You can accept Afterpay on Square by enabling it in your Square Dashboard under Payment Methods. There’s no separate application or third-party integration needed, but your business must fall into an approved merchant category, and the processing fees are significantly higher than standard card rates.
How to Enable Afterpay in Square Dashboard
Log in to your Square Dashboard and navigate to your Payment Methods settings. If your business qualifies, you’ll see an option to enable Afterpay. Toggle it on, and you can start accepting Afterpay payments for in-person sales, online checkout, invoices, and virtual terminal transactions.
Only account owners or team members with the “account and settings” permission can enable Afterpay. Once it’s activated, any team member with checkout permission to take payments can process an Afterpay transaction. There’s no additional hardware required for in-person sales. Afterpay works through your existing Square POS app, whether you’re using Square POS, Retail POS, Restaurants POS, or Appointments POS.
Eligibility Requirements
Your business must be in an approved merchant category. Square doesn’t publish a full list of approved categories, so the fastest way to check is to log in and look at your Payment Methods page. If Afterpay appears as an option, you’re eligible.
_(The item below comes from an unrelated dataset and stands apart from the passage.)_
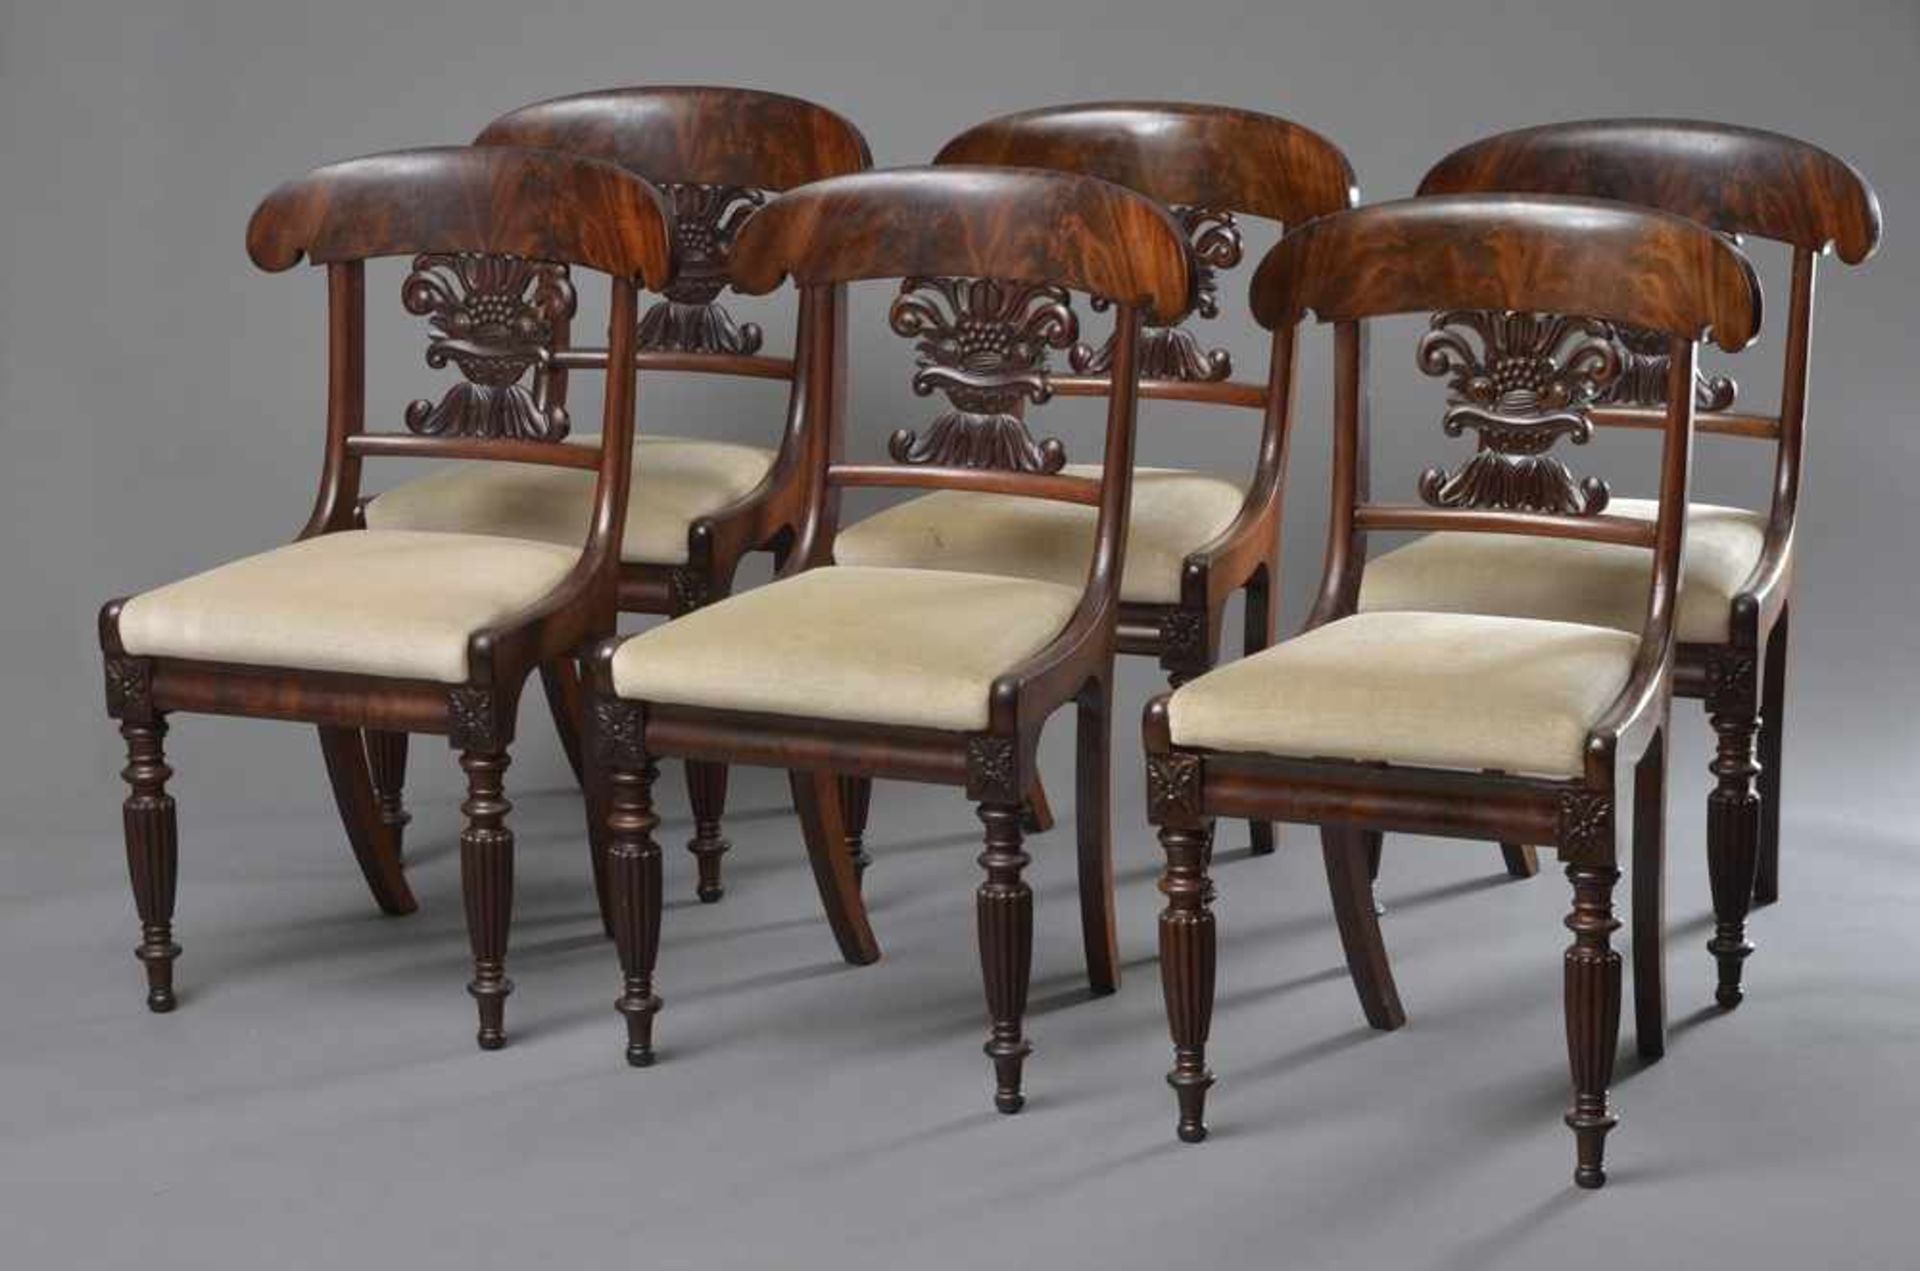 6 Biedermeier Stühle mit Schaufellehne und "Fruchtkorb" Schnitzerei i.d. Lehne, gedrechselte

Certain product types are explicitly restricted. You cannot use Afterpay for gift cards, reloadable debit cards, or cash equivalents. Alcoholic beverages, tobacco, e-cigarettes, and vaping products are off-limits. So are weapons, ammunition, gambling-related goods, prescription drugs, adult content, and counterfeit or pirated products. If your business sells items in one of these categories, the option to enable Afterpay either won’t appear or could be revoked after activation.
What Afterpay Costs You
Afterpay transactions carry a flat rate of 6% plus 30 cents per transaction, regardless of how the sale happens. That rate applies to in-person payments, online orders, invoices, and virtual terminal entries. Unlike standard card processing fees, the Afterpay rate doesn’t change based on your Square subscription tier or any custom pricing you may have negotiated.
To put that in perspective, a standard in-person card transaction on the free Square plan costs 2.6% plus 15 cents. On a $100 sale, that’s $2.75 in fees. The same $100 sale through Afterpay costs $6.30. That’s more than double. For online sales, the gap narrows slightly since standard online processing already runs 2.9% to 3.3% plus 30 cents, but Afterpay is still nearly twice as expensive.
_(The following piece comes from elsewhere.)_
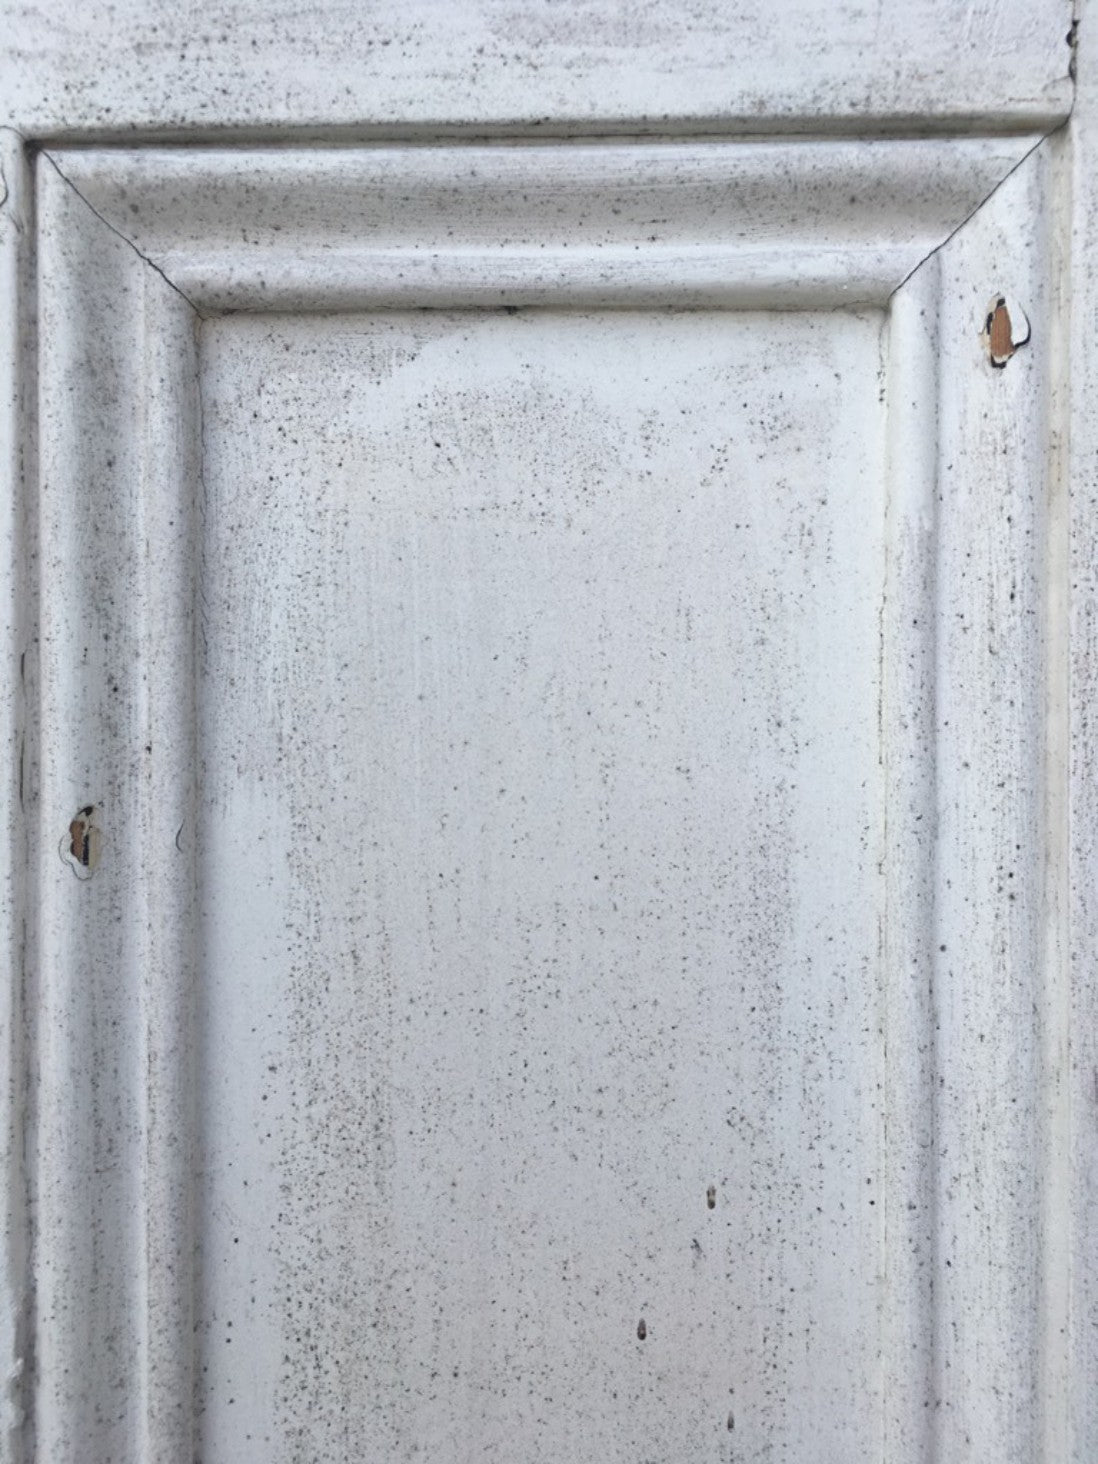 29“x73” Reclaimed Old Victorian Beaded 4 Panel Painted Pine Door

The tradeoff is that buy-now-pay-later options can increase average order size and conversion rates, especially for discretionary purchases. Whether the higher fee makes sense depends on your margins and how much the payment flexibility matters to your customers.
How Afterpay Works for Your Customer
When a customer chooses Afterpay at checkout, they pay 25% of the total upfront. Afterpay splits the remaining balance into three additional payments, each due two weeks apart. The customer deals with Afterpay directly for those installments. You don’t manage the payment plan, chase late payments, or take on any credit risk.
For in-person sales, the customer scans a QR code or barcode from their Afterpay app at your Square terminal. For online sales through Square Online, Afterpay appears as a payment option during checkout. In both cases, the transaction shows up in your Square Dashboard like any other sale, with the Afterpay fee already deducted.
Handling Refunds
You process Afterpay refunds through your Square Dashboard or POS the same way you would any other refund. When you issue a refund, the customer’s remaining Afterpay installments are adjusted accordingly. If they’ve already made payments beyond the refund amount, Afterpay handles returning the excess to the customer. Keep in mind that the 6% plus 30 cents processing fee you paid on the original transaction is not refunded to you, which is consistent with how Square handles standard card refund fees.
When Afterpay Makes Sense
Afterpay tends to work best for businesses selling products in the $50 to $500 range, where splitting the cost into four payments makes a meaningful difference in a customer’s willingness to buy. Retailers, beauty and wellness businesses, and service providers with mid-range price points see the most benefit. If your average transaction is under $20, the higher processing fee eats into your margin without much conversion lift, since customers rarely need a payment plan for small purchases.
You receive the full payment from Square on your normal payout schedule, minus the processing fee. There’s no waiting for the customer to finish their installment plan. That immediacy is one of the main advantages over offering your own payment plans, which would require you to absorb the credit risk and manage collections yourself.